Every line of the listing below should be written out exactly, minus its images.

Collected data:
**********
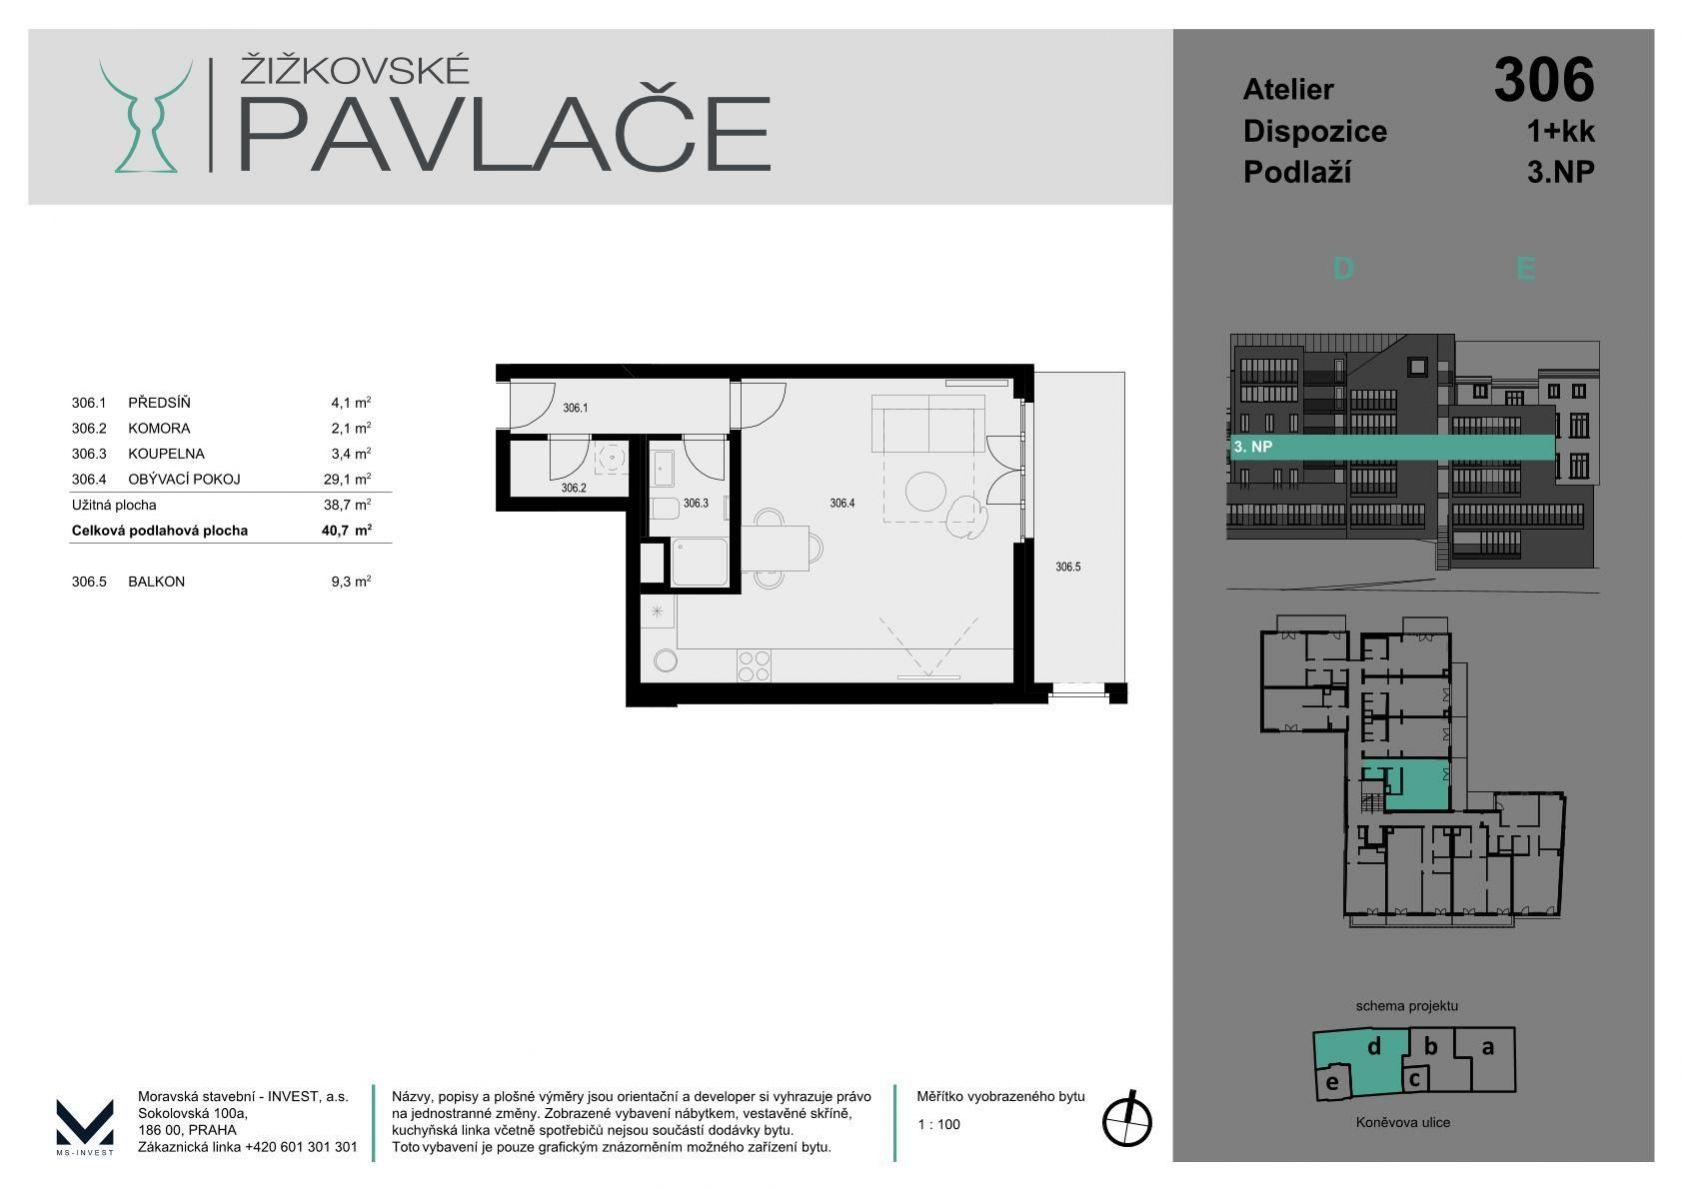 Novostavba ateliéru s balkonem, 41+9 m2 v rezidenci Žižkovské pavlače, Praha 3
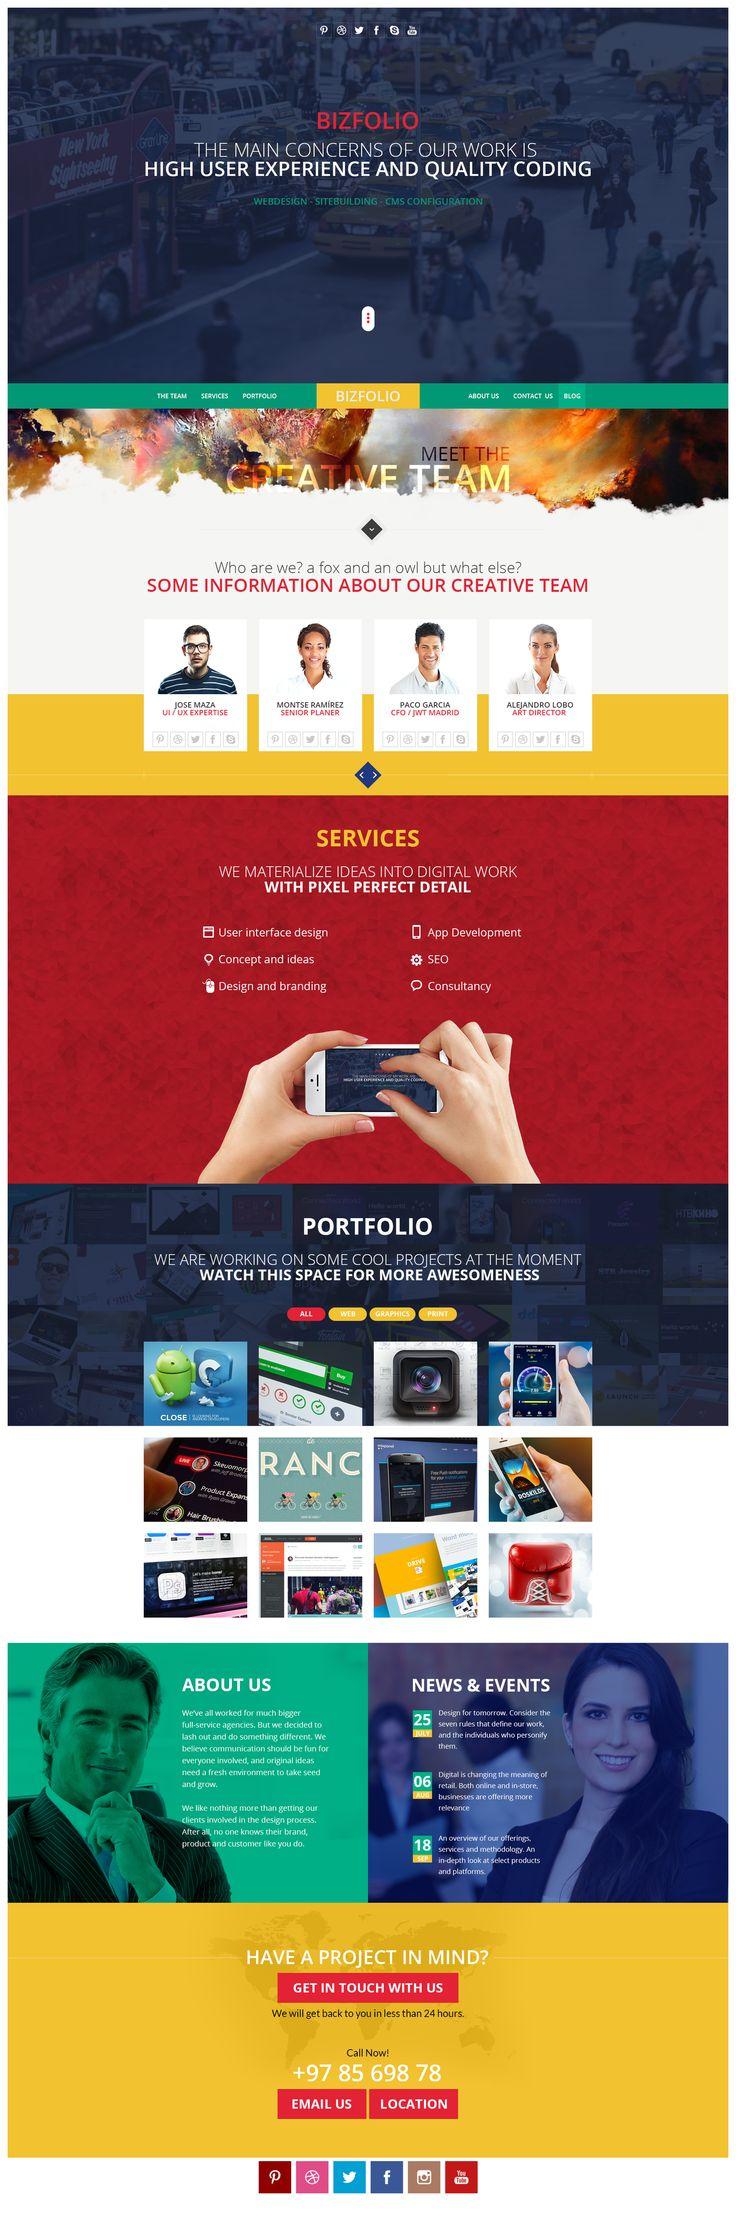 Single Page Web Layout by pixelzeesh - 26227
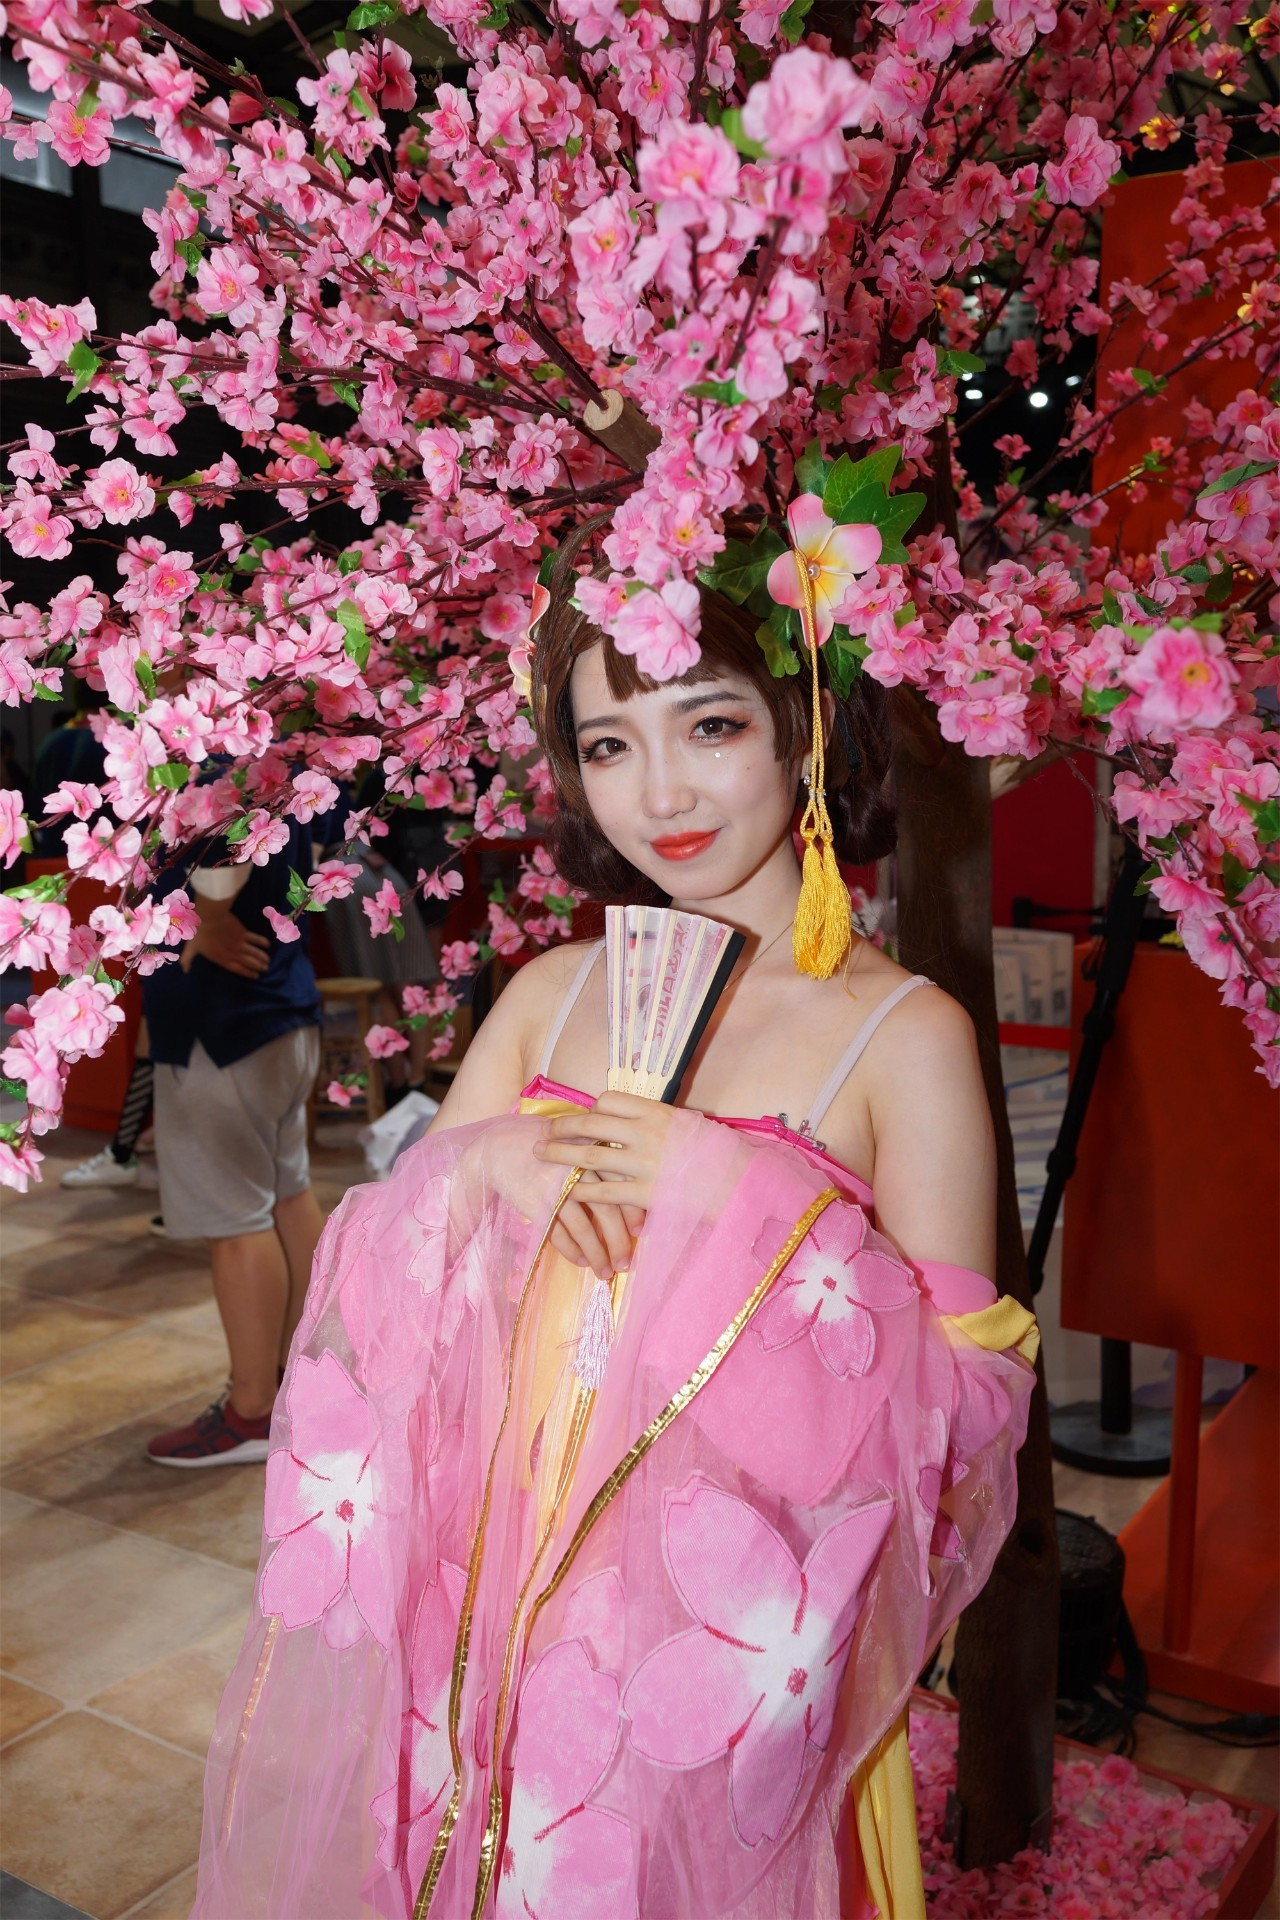 游戏资讯_Chinajoy2018古风美女图集_3DM单机
**********
Expected answer:
 Novostavba ateliéru s balkonem, 41+9 m2 v rezidenci Žižkovské pavlače, Praha 3
 Single Page Web Layout by pixelzeesh - 26227
 游戏资讯_Chinajoy2018古风美女图集_3DM单机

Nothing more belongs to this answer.